UnitedHealth: Top-Notch Healthcare Leader – But Its Best Days Could Be Over
Summary:
- UnitedHealth Group is a leading healthcare player with sustainable profitability and large-scale cost advantages.
- The company’s revenue growth has been strong, driven by its health insurer, UnitedHealthcare, and fast-growing healthcare provider OptumHealth.
- While UnitedHealth’s market leadership and profitability are attractive, regulatory changes and a potential rotation out of the healthcare space could impact its future performance.
- I assessed UNH’s market-beating days could be over as its growth could slow further. As such, investors must be cautious about adding exposure at expensive valuation zones.
- I explain the critical levels to watch for investors considering adding market leader UNH into their portfolio.
The bullish thesis about buying into UnitedHealth Group Incorporated (UNH) is simple. It’s a leading, wide-moat, well-integrated healthcare player that has proven its ability to generate sustainable profitability.
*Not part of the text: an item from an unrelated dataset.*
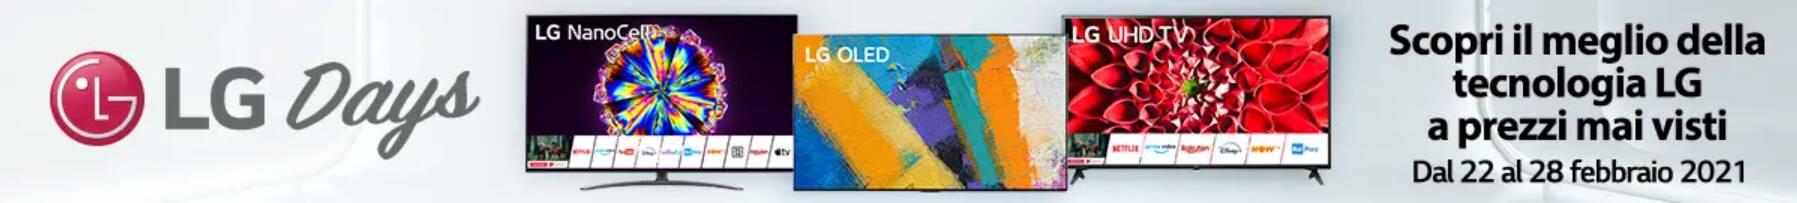 Banner LG Days

As such, UnitedHealth benefits from distinct large-scale cost advantages and efficiencies that help it defend against smaller players in the managed healthcare space.
As such, UNH has consistently traded at a premium relative to its growth prospects, notwithstanding its best-in-class “A+” profitability grades, justifying its wide-moat model.
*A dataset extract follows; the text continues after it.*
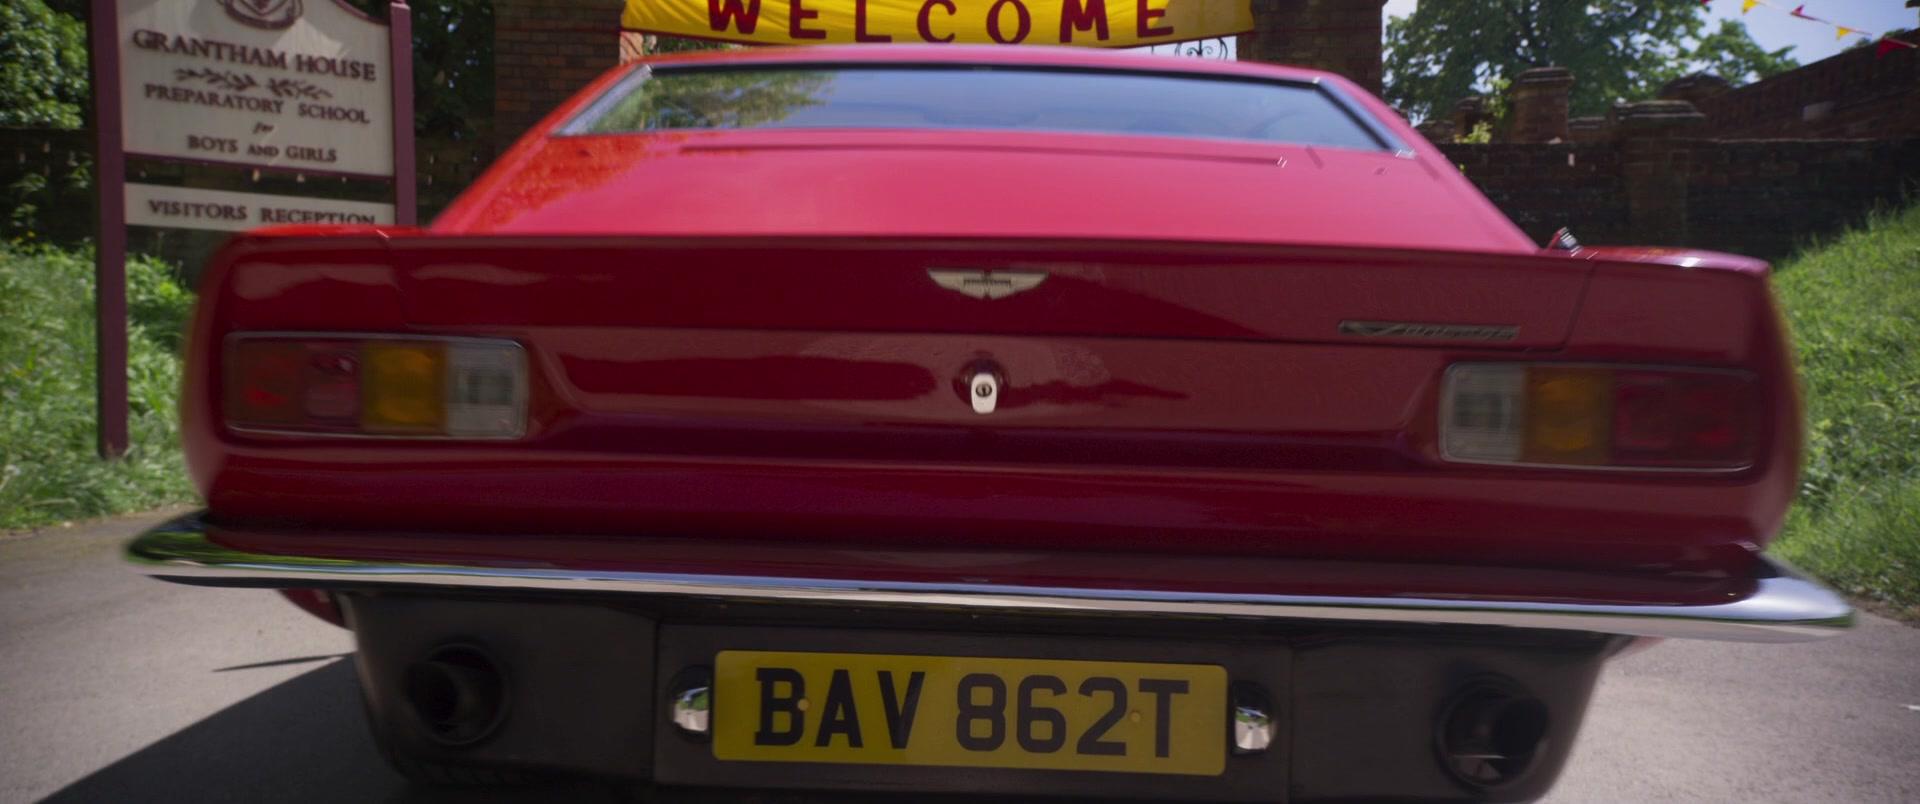 1979 Aston Martin V8 Vantage Mki Sports Car In Johnny English Strikes Again 2018 Movie

Seeking Alpha Quant assigned a “D” valuation grade to UNH and a “C” growth grade, indicating its relative premium. Yet, that hasn’t prevented UNH from delivering a market-beating 10Y total return CAGR of 23.4% over the past ten years.
However, its 5Y total return CAGR of 15.3% suggests that its best days of significant market outperformance could be over, given UNH’s relative premium. In other words, investors who expect another “easy” beat over the next ten years might be disappointed.
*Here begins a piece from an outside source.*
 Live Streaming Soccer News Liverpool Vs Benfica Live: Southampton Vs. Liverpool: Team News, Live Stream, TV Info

The company’s revenue base is led by the market-leading health insurer UnitedHealthcare. It also had a fast-growing healthcare provider in OptumHealth, which delivered a 36% YoY growth in revenue in Q2. As part of the Optum segment, its pharmacy benefit manager or PBM is anchored by OptumRX, which experienced a 15% YoY revenue growth. Supplemented by the 42% growth in its healthcare analytics segment, OptumInsight, UnitedHealth delivered a total revenue growth of 15.6% in Q1.
Analysts’ estimates of UnitedHealth’s ability to deliver relatively strong revenue growth and profitability over the next two years remain favorable. Accordingly, the company is expected to post a revenue CAGR of 9.4%, suggesting a marked deceleration from the current growth cadence. As such, it’s discernibly lower than UnitedHealth’s 10Y trailing twelve-months or TTM revenue CAGR of 11.4%.
Despite that, its market leadership is expected to sustain its ability to post robust operating leverage, leading to an adjusted EPS CAGR of 12.5%. As such, I believe UNH’s “A+” profitability grade should continue to attract investors at steep pullbacks into highly attractive valuation zones.
However, it’s also crucial for investors to consider the evolving landscape that could impede the profitability trajectory of managed healthcare players like UNH. Investors must pay attention to possible regulatory changes that could aim at lowering the health insurance and prescription costs for consumers, hitting UNH’s profitability moat.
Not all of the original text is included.